• EXERCISE GOAL
Start at the line with "FDI Esports" in the records below, stop at the line with "t-shirt marine 100", and return every line in that span exactly, the two end lines included.
= = =
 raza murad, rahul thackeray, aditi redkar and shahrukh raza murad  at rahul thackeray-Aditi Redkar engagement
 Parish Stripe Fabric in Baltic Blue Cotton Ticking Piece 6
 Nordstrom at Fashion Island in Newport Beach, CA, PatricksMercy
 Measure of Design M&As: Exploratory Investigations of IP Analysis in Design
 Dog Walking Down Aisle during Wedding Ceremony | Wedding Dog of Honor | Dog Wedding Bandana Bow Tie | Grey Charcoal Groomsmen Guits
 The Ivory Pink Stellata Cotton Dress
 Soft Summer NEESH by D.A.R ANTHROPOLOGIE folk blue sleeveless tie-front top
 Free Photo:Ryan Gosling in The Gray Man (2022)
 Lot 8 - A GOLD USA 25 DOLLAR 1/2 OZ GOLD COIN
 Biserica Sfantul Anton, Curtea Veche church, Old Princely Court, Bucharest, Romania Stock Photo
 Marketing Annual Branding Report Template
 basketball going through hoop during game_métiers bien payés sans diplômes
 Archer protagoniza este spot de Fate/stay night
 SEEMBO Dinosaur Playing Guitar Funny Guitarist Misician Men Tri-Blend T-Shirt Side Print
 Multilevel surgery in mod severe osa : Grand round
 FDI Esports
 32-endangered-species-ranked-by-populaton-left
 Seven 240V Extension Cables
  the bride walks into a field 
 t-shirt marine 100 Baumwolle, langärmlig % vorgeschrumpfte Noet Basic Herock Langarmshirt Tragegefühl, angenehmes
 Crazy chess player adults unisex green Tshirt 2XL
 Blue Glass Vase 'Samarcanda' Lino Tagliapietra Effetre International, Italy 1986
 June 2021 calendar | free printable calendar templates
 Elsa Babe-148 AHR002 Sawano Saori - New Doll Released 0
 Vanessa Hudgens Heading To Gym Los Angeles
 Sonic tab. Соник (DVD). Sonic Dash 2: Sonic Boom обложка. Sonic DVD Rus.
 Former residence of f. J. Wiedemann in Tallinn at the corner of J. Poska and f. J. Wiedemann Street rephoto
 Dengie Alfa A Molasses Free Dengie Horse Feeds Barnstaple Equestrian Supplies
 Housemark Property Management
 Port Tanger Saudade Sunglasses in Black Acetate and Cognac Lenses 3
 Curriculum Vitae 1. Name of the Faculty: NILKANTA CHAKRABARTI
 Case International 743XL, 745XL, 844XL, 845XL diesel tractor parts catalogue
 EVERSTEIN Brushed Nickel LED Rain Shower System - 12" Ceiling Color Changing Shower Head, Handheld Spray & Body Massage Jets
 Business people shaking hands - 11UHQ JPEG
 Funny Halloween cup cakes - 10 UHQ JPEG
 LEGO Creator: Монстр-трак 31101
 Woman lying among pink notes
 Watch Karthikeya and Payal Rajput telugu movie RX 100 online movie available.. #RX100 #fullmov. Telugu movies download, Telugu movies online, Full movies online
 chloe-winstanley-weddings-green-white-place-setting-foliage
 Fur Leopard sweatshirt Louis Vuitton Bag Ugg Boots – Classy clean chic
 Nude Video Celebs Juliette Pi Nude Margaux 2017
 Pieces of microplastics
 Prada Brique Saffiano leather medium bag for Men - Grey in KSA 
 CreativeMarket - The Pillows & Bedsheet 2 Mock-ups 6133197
= = =
• COMPLETED EXERCISE
 FDI Esports
 32-endangered-species-ranked-by-populaton-left
 Seven 240V Extension Cables
  the bride walks into a field 
 t-shirt marine 100 Baumwolle, langärmlig % vorgeschrumpfte Noet Basic Herock Langarmshirt Tragegefühl, angenehmes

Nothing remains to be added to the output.